> **EXERCISE**
All lines below starting at the one that holds "#MondayMotivation" and ending at the one that holds "#success #quote #motivation" should be printed exactly, ends included. Pictures should not be printed, nor anything else.

> **RECORDED DATA**
_ _ _ _ _ _ _
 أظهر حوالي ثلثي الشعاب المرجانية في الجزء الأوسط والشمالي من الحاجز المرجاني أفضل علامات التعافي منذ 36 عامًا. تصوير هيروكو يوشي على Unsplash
_ _ _ _ _ _ _
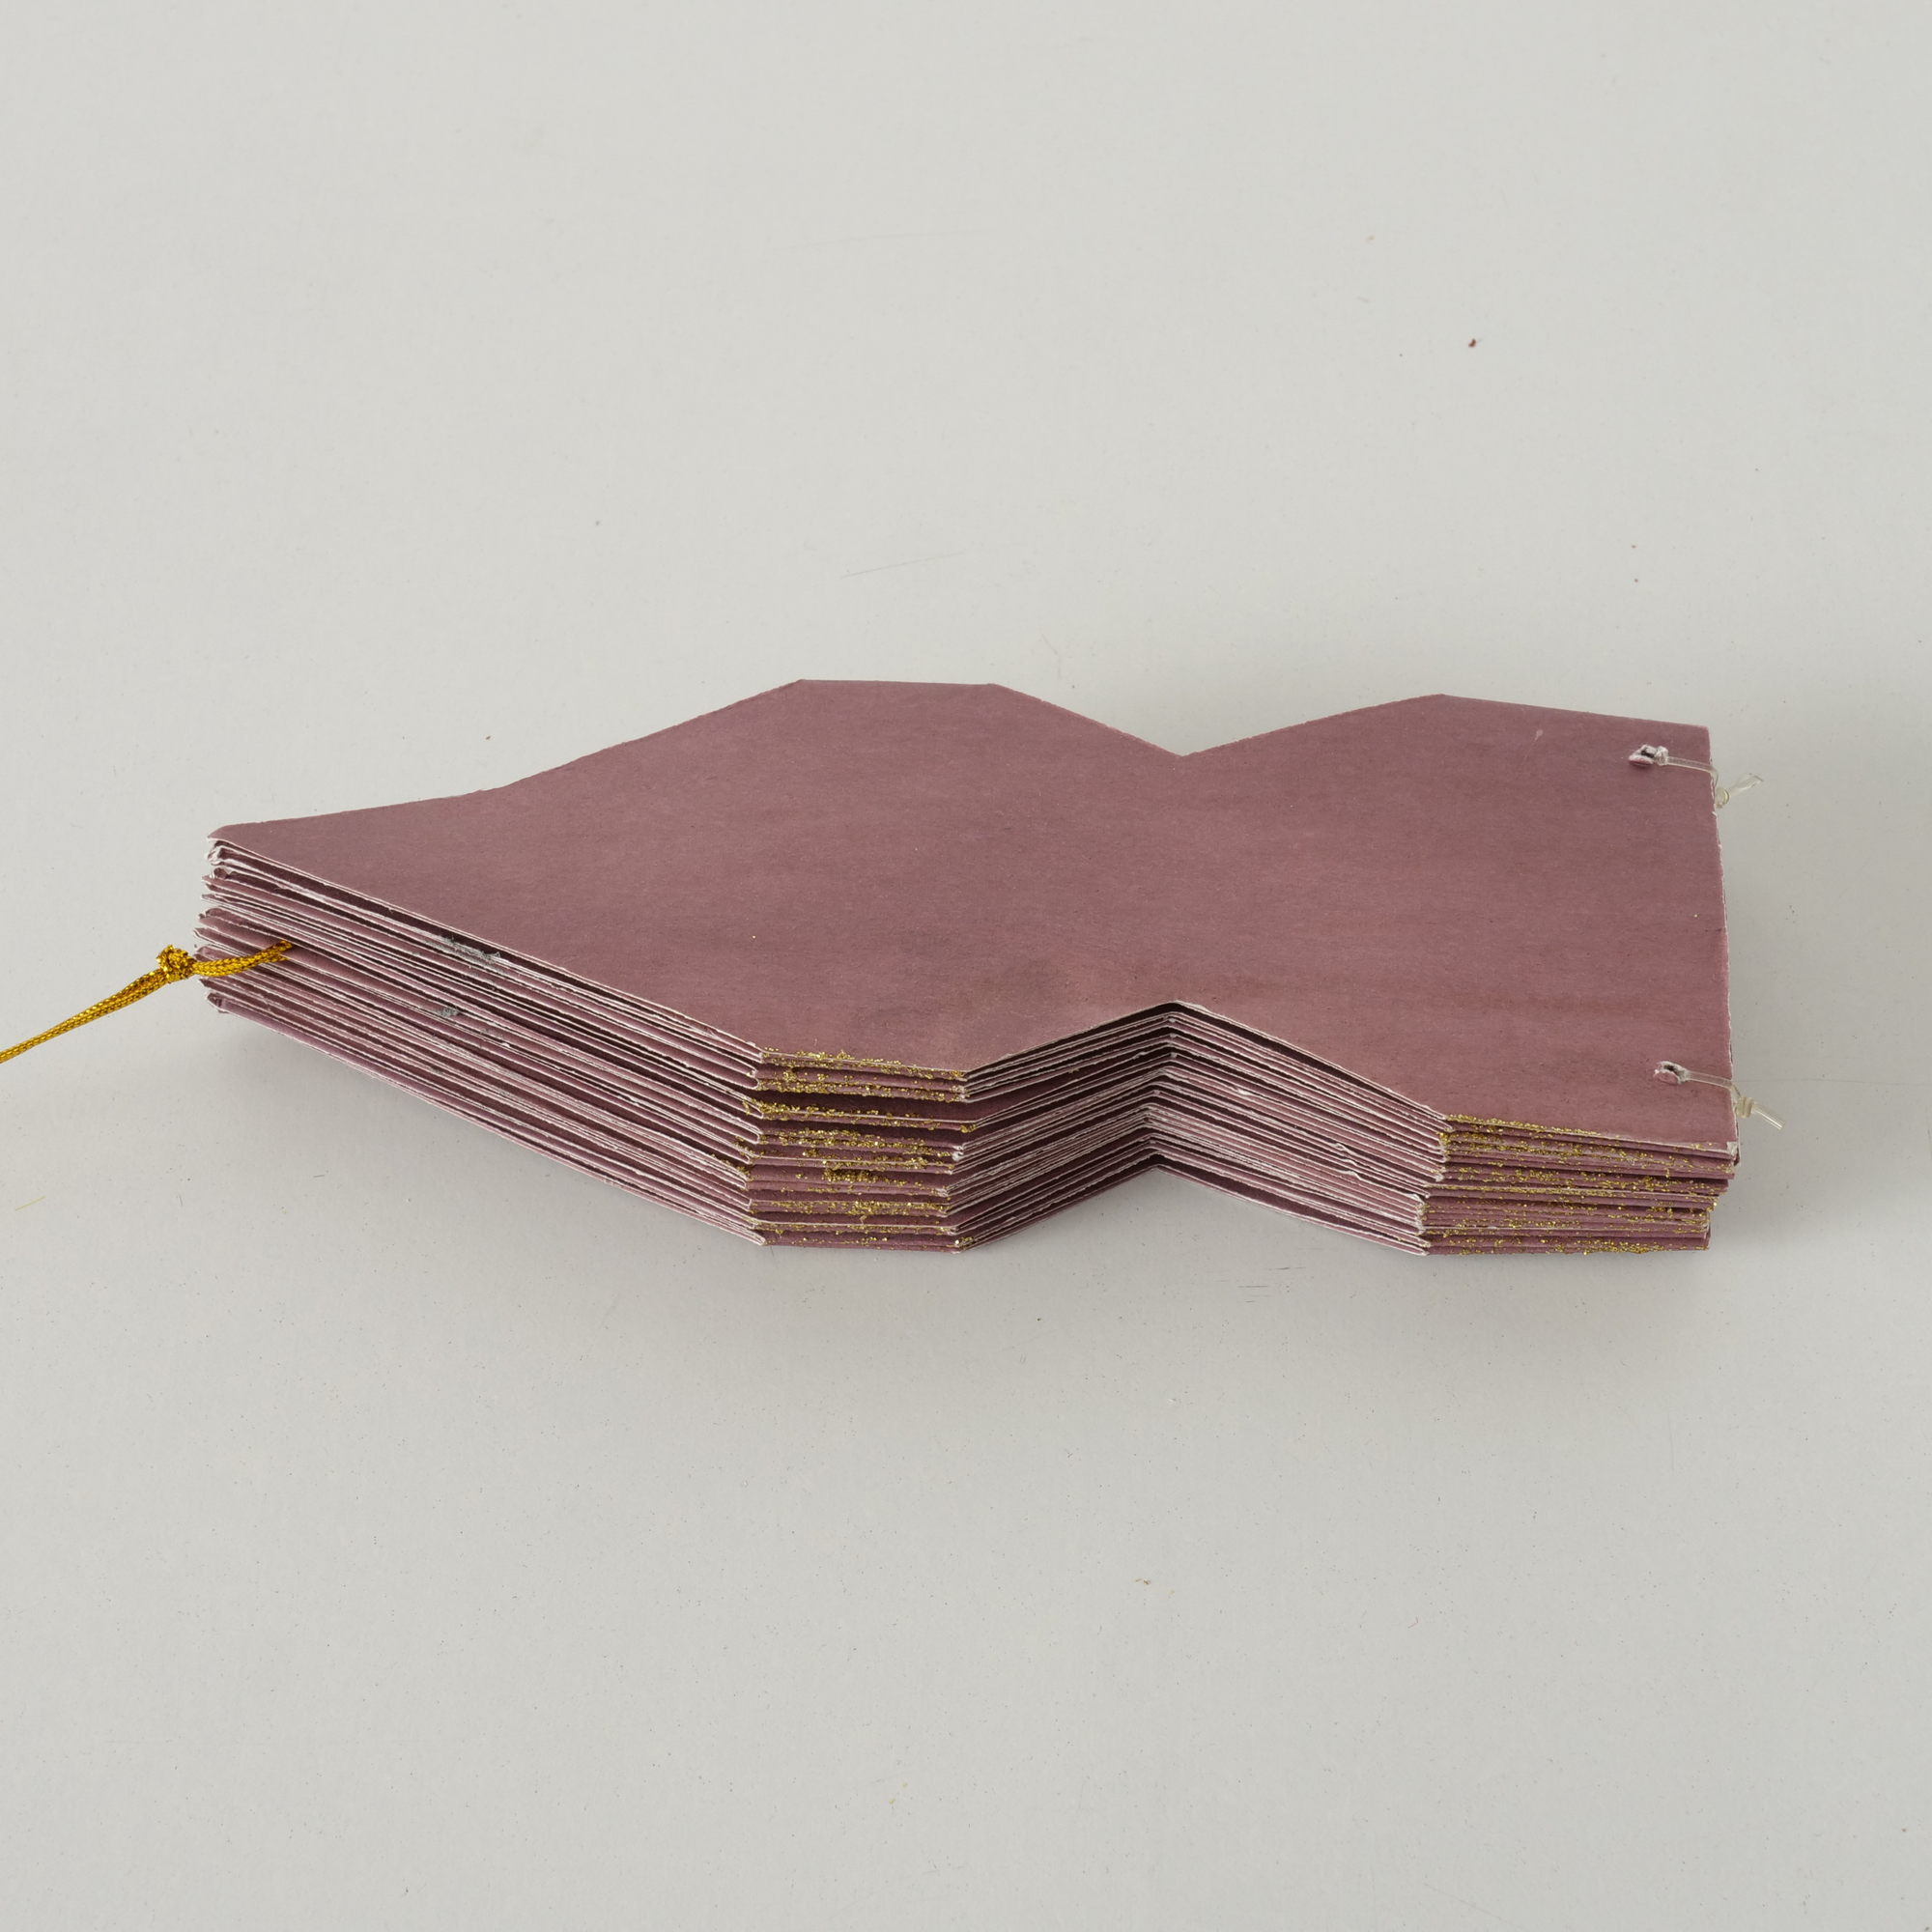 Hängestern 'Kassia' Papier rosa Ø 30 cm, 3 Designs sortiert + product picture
_ _ _ _ _ _ _
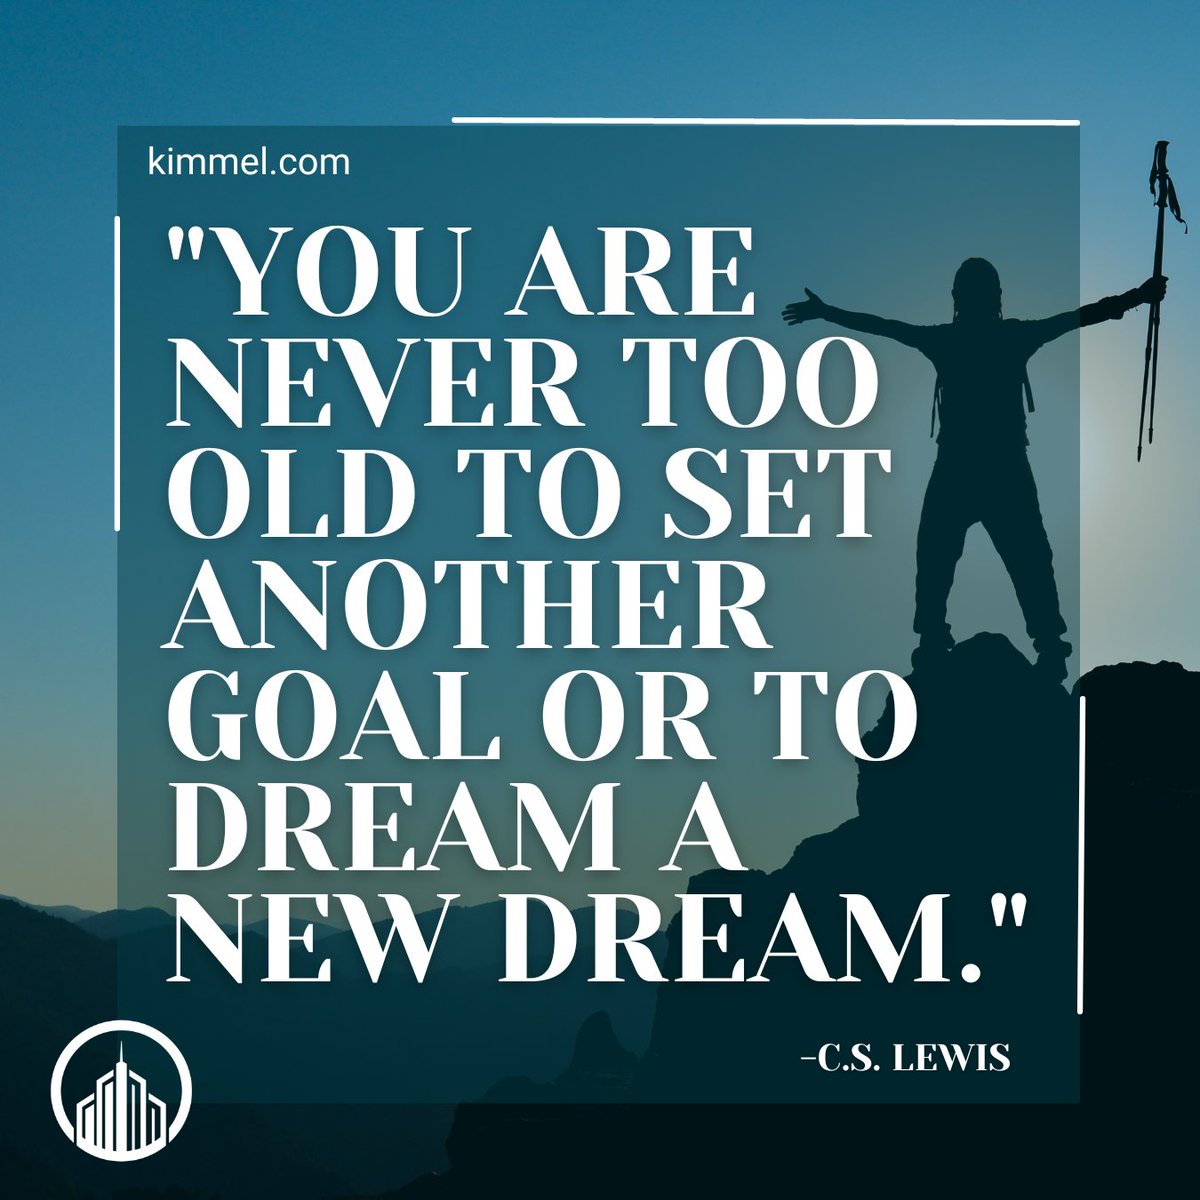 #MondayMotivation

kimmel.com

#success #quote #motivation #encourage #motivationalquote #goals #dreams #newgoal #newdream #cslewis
_ _ _ _ _ _ _
> **WRITTEN SOLUTION**
 #MondayMotivation

kimmel.com

#success #quote #motivation #encourage #motivationalquote #goals #dreams #newgoal #newdream #cslewis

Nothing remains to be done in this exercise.